= DATASET SECTION =
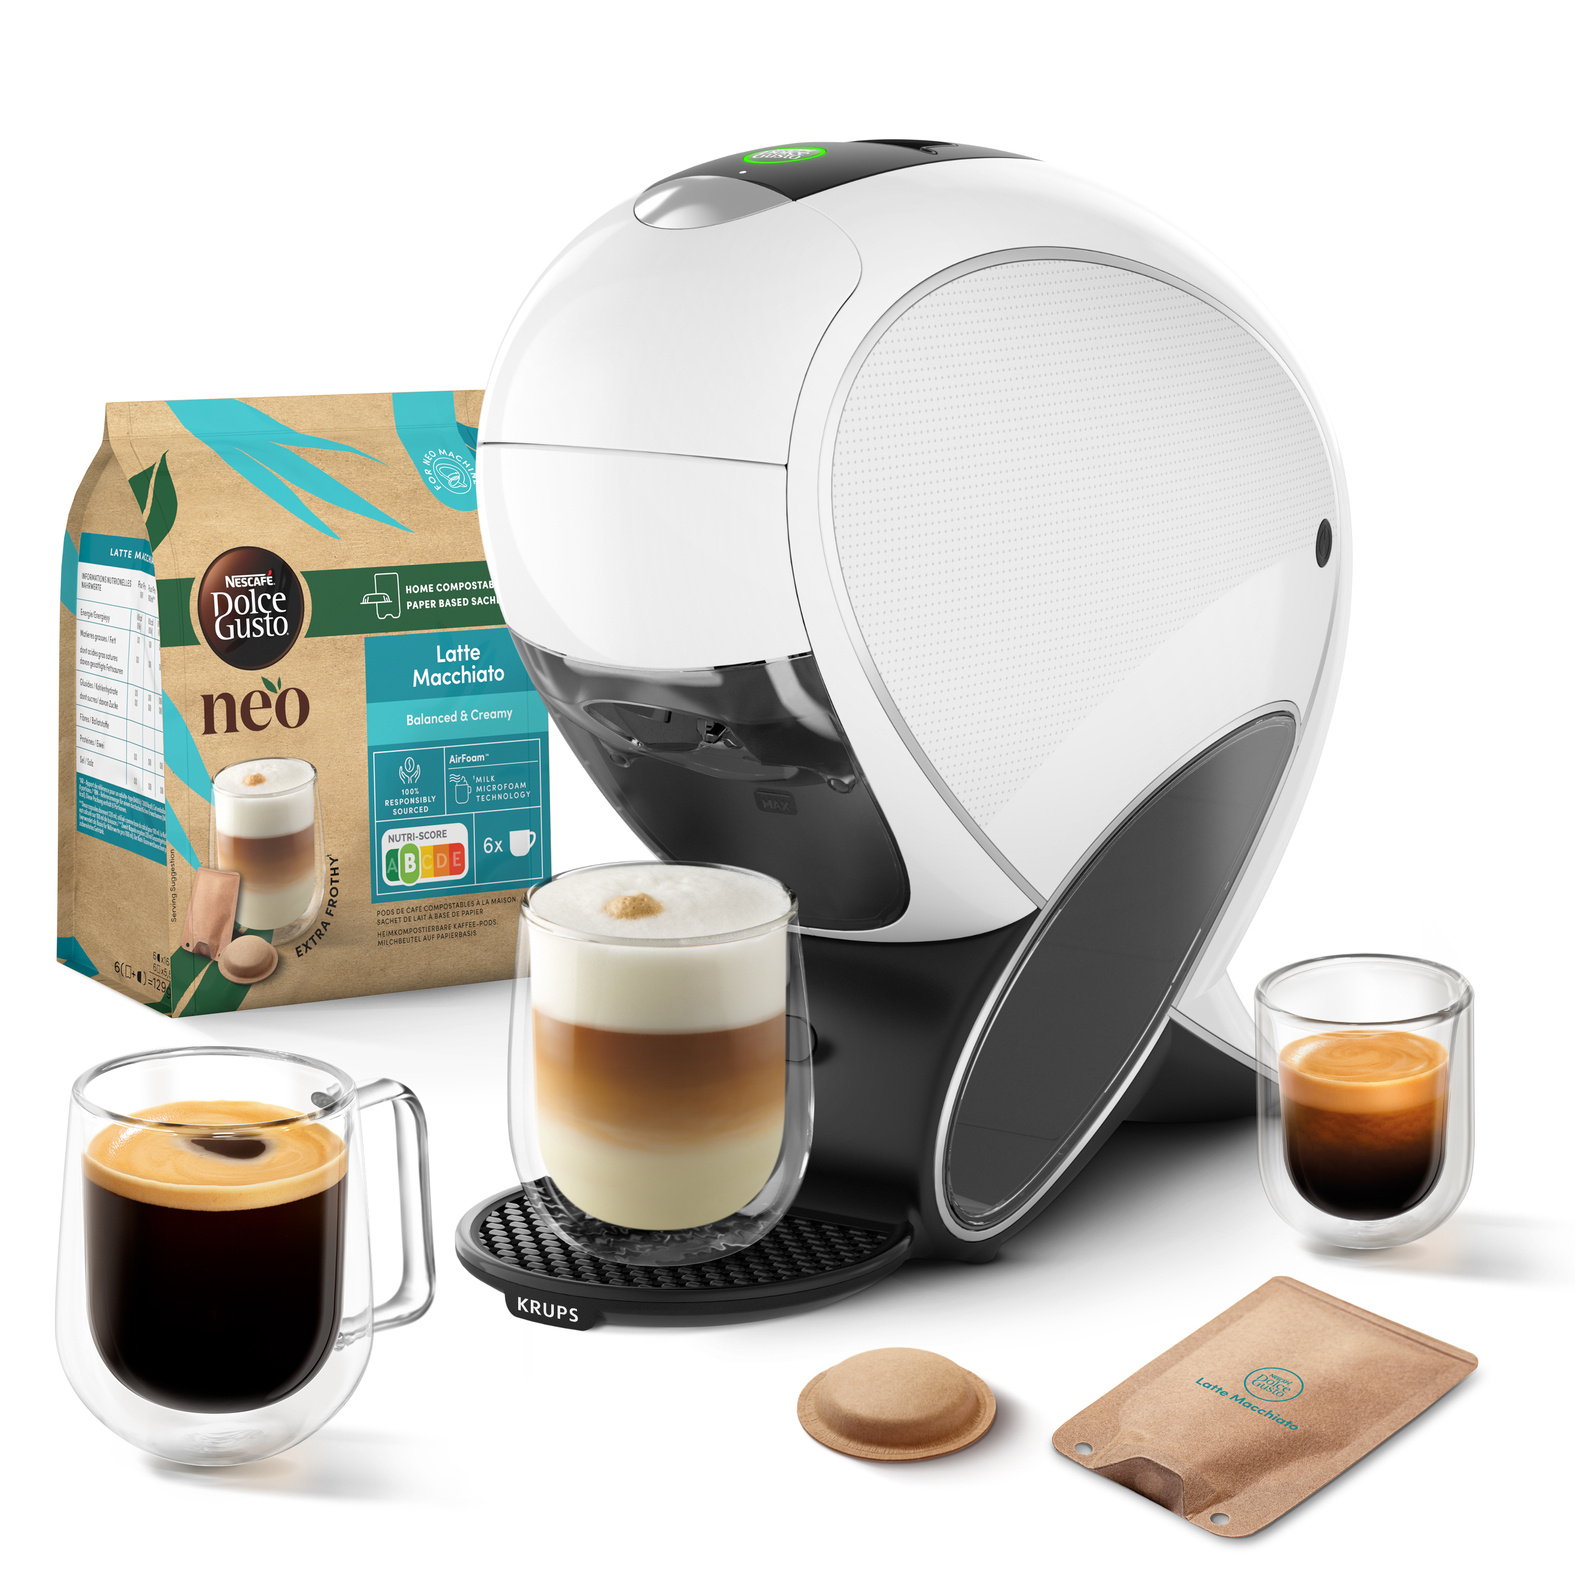 Machine à café Dolce Gusto NEO Krups + 3 boites de dosettes compostables –
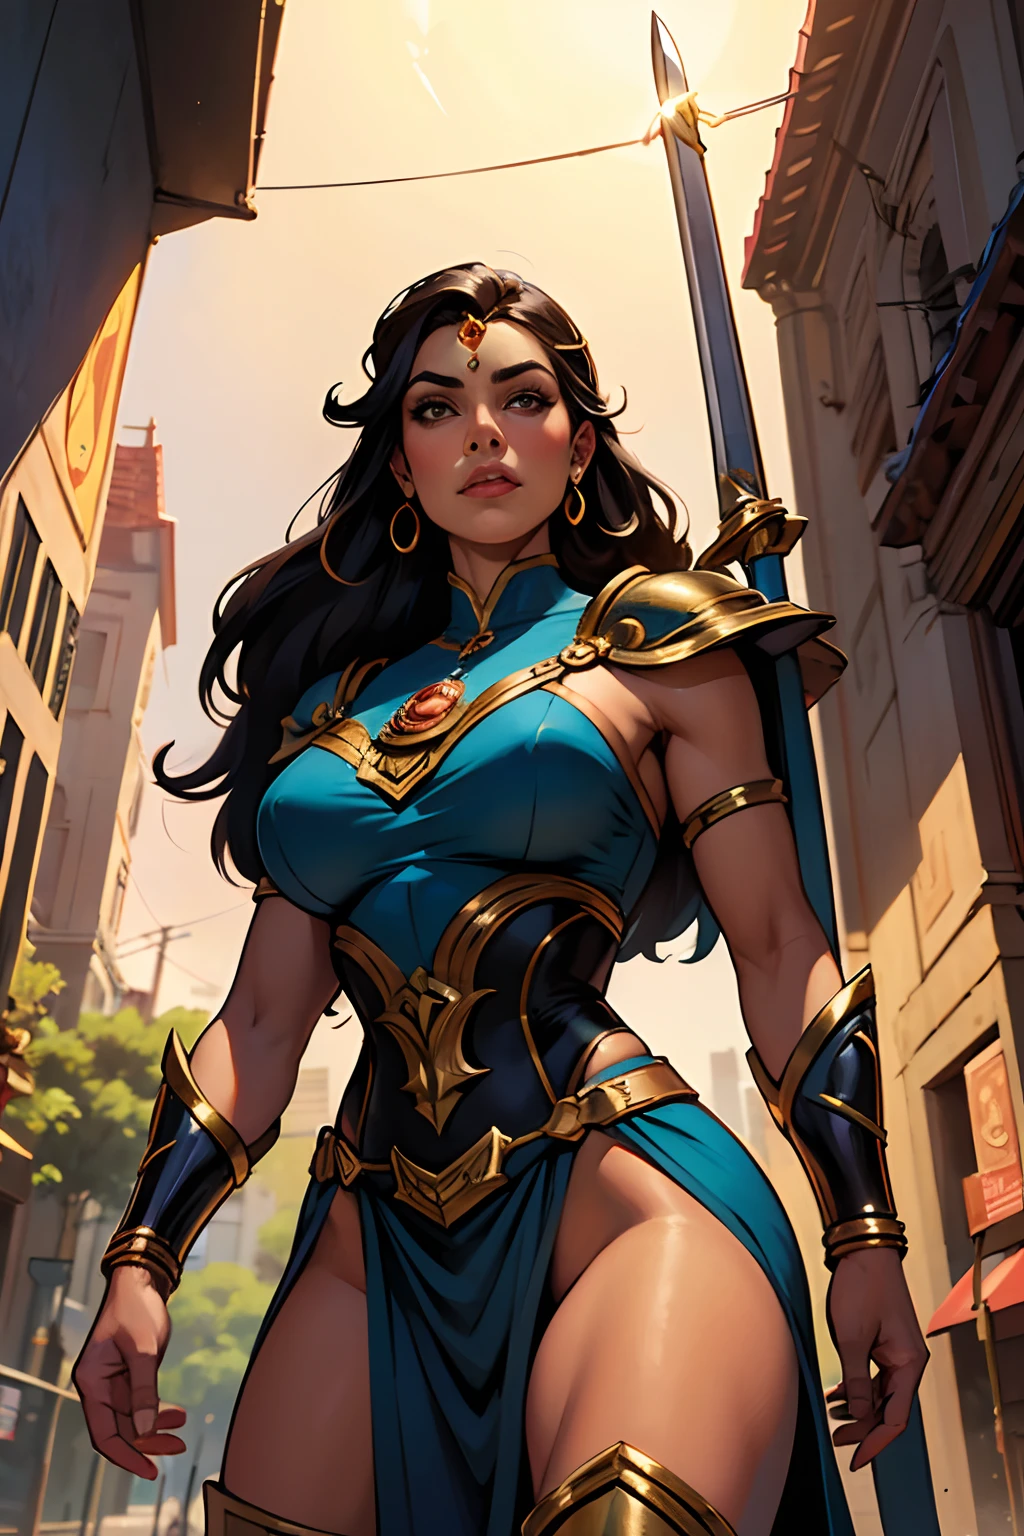 受约翰·布西马启发的艺术,女超级英雄被称为 "亚马逊公主, 一个长黑发的女人, 蓝眼睛, 晒黑、性感的皮肤穿着灵感来自希腊亚马逊服装的制服,相当程式化 (SFW),手持短剑和带有狮子标志的盾牌的威严姿势, 城市大道上细致而精致的艺术.
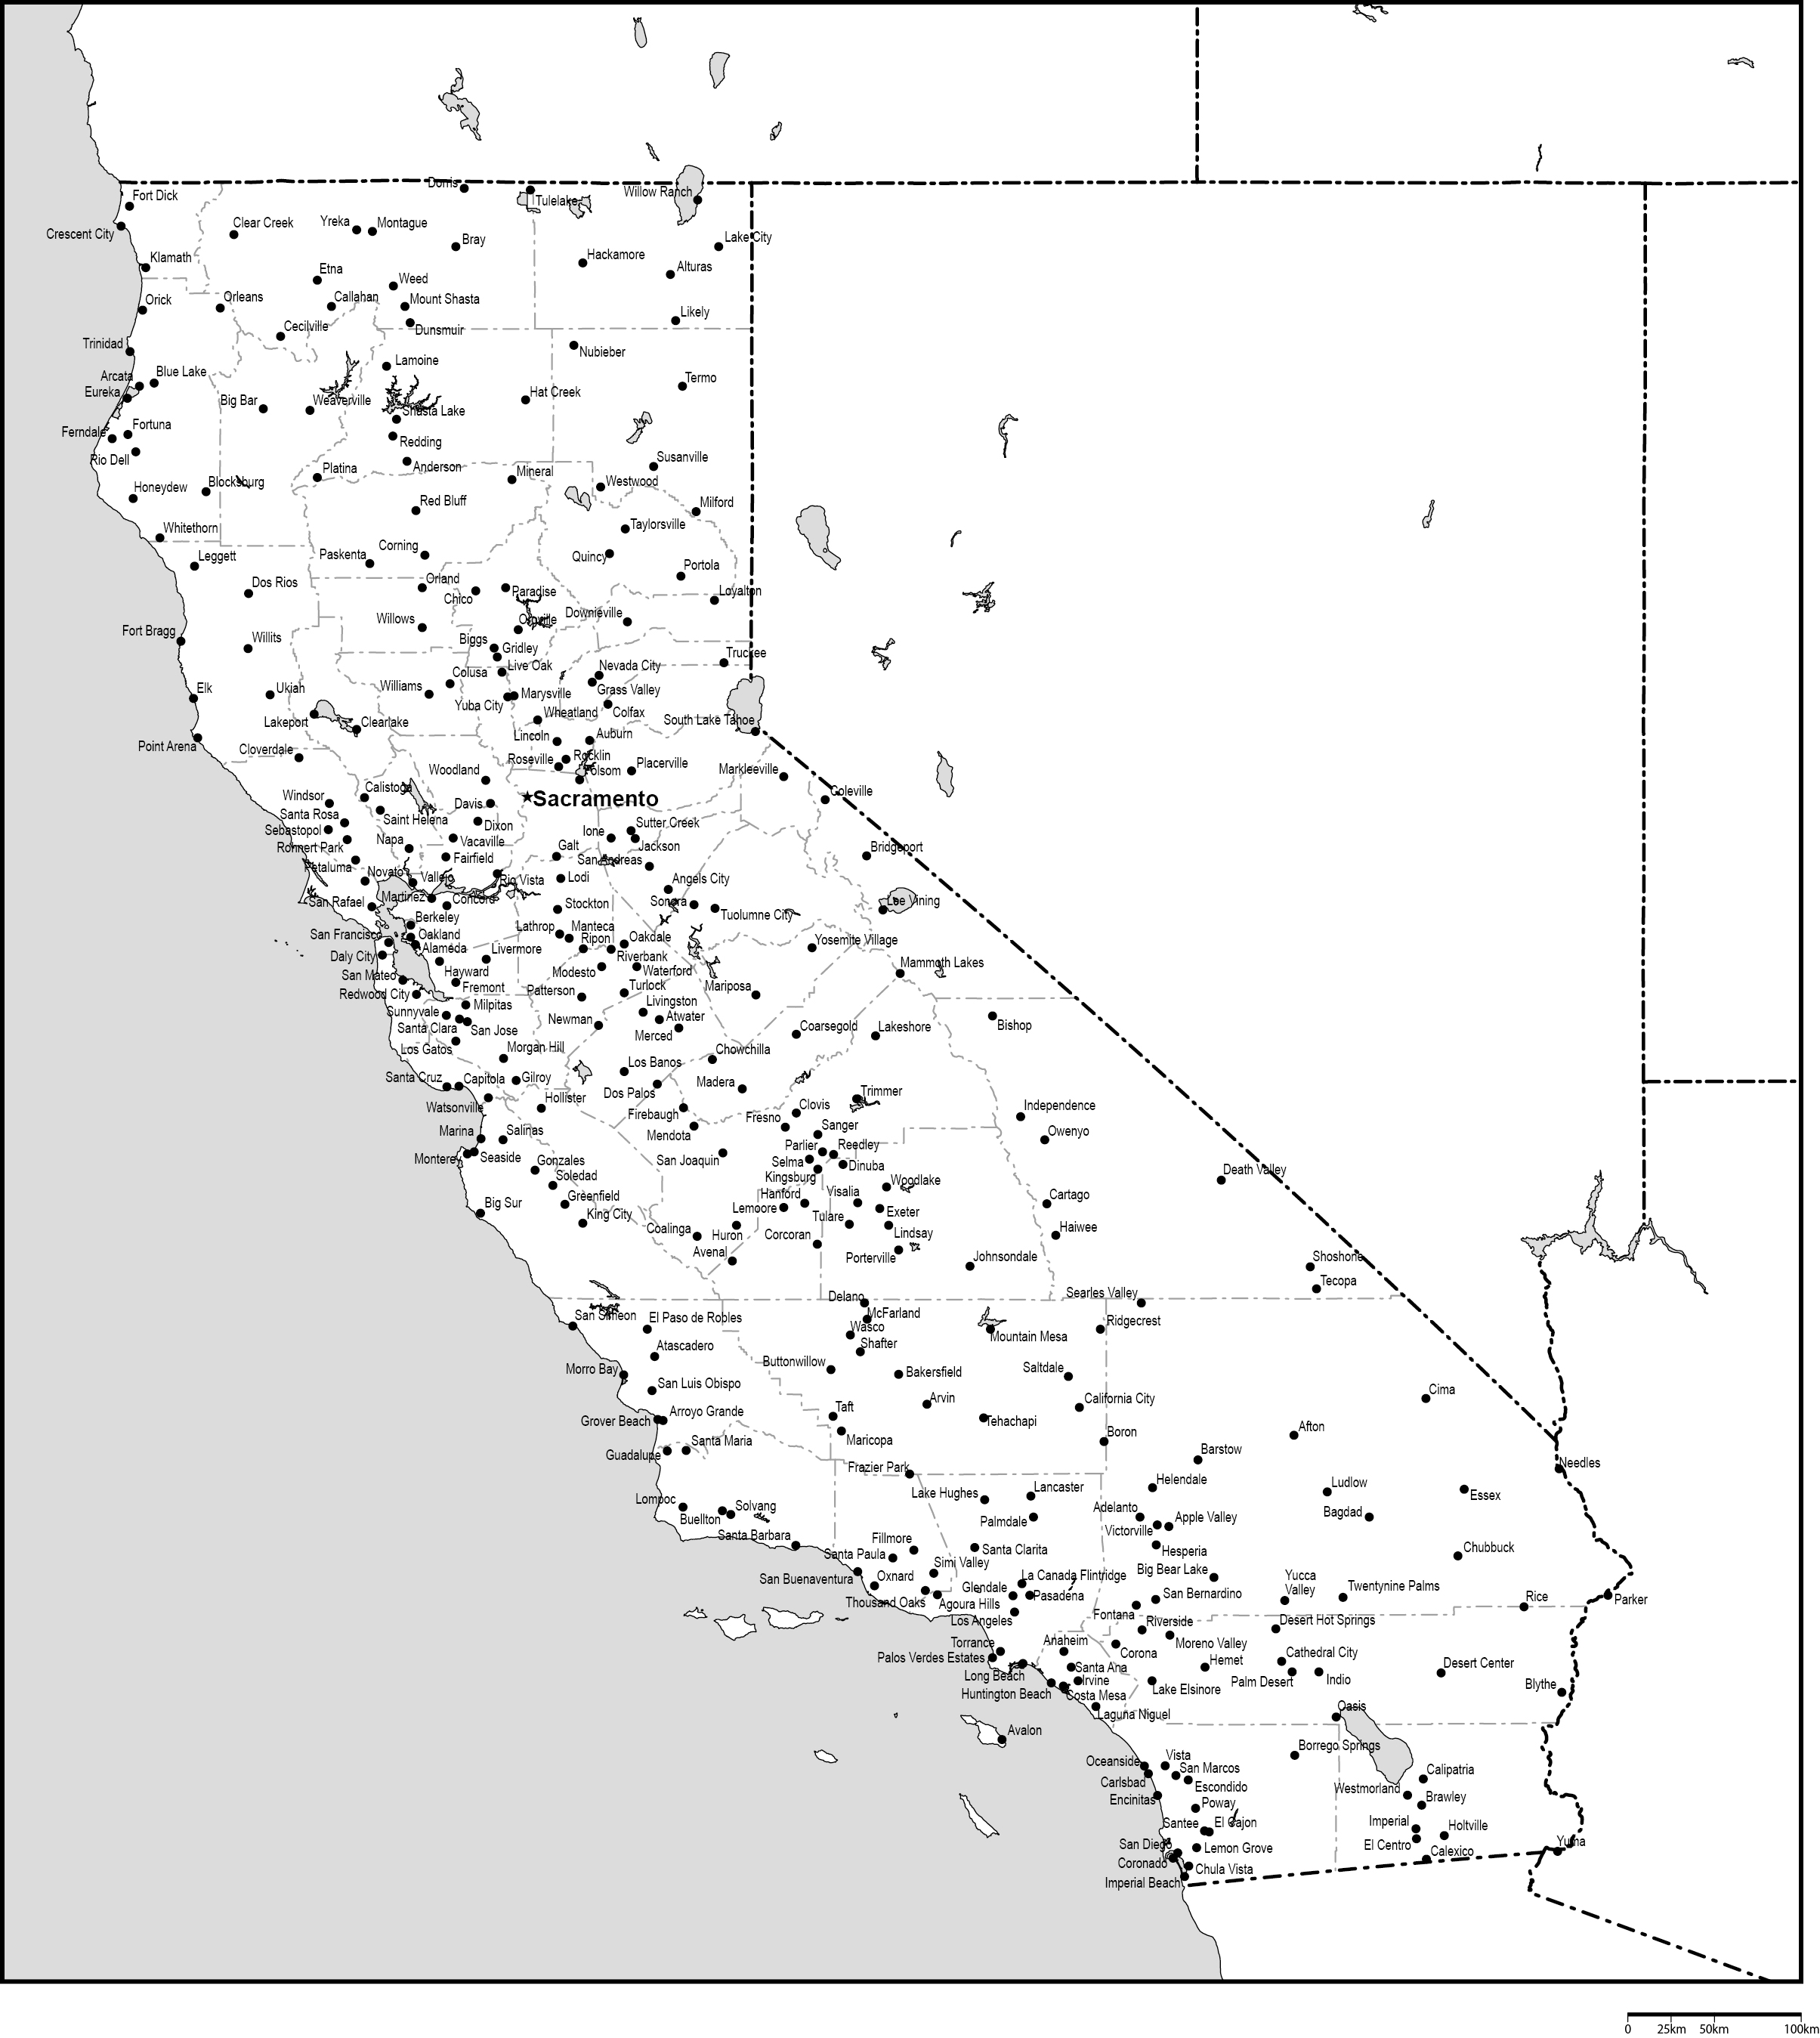 カリフォルニア州郡分け白地図州都・主な都市あり(英語)フリーデータの画像

= INSTRUCTIONS TO FOLLOW =
Quote everything in the listing above exactly; pictures are the only thing to omit.

= RESULT OF THE TASK =
 Machine à café Dolce Gusto NEO Krups + 3 boites de dosettes compostables –
 受约翰·布西马启发的艺术,女超级英雄被称为 "亚马逊公主, 一个长黑发的女人, 蓝眼睛, 晒黑、性感的皮肤穿着灵感来自希腊亚马逊服装的制服,相当程式化 (SFW),手持短剑和带有狮子标志的盾牌的威严姿势, 城市大道上细致而精致的艺术.
 カリフォルニア州郡分け白地図州都・主な都市あり(英語)フリーデータの画像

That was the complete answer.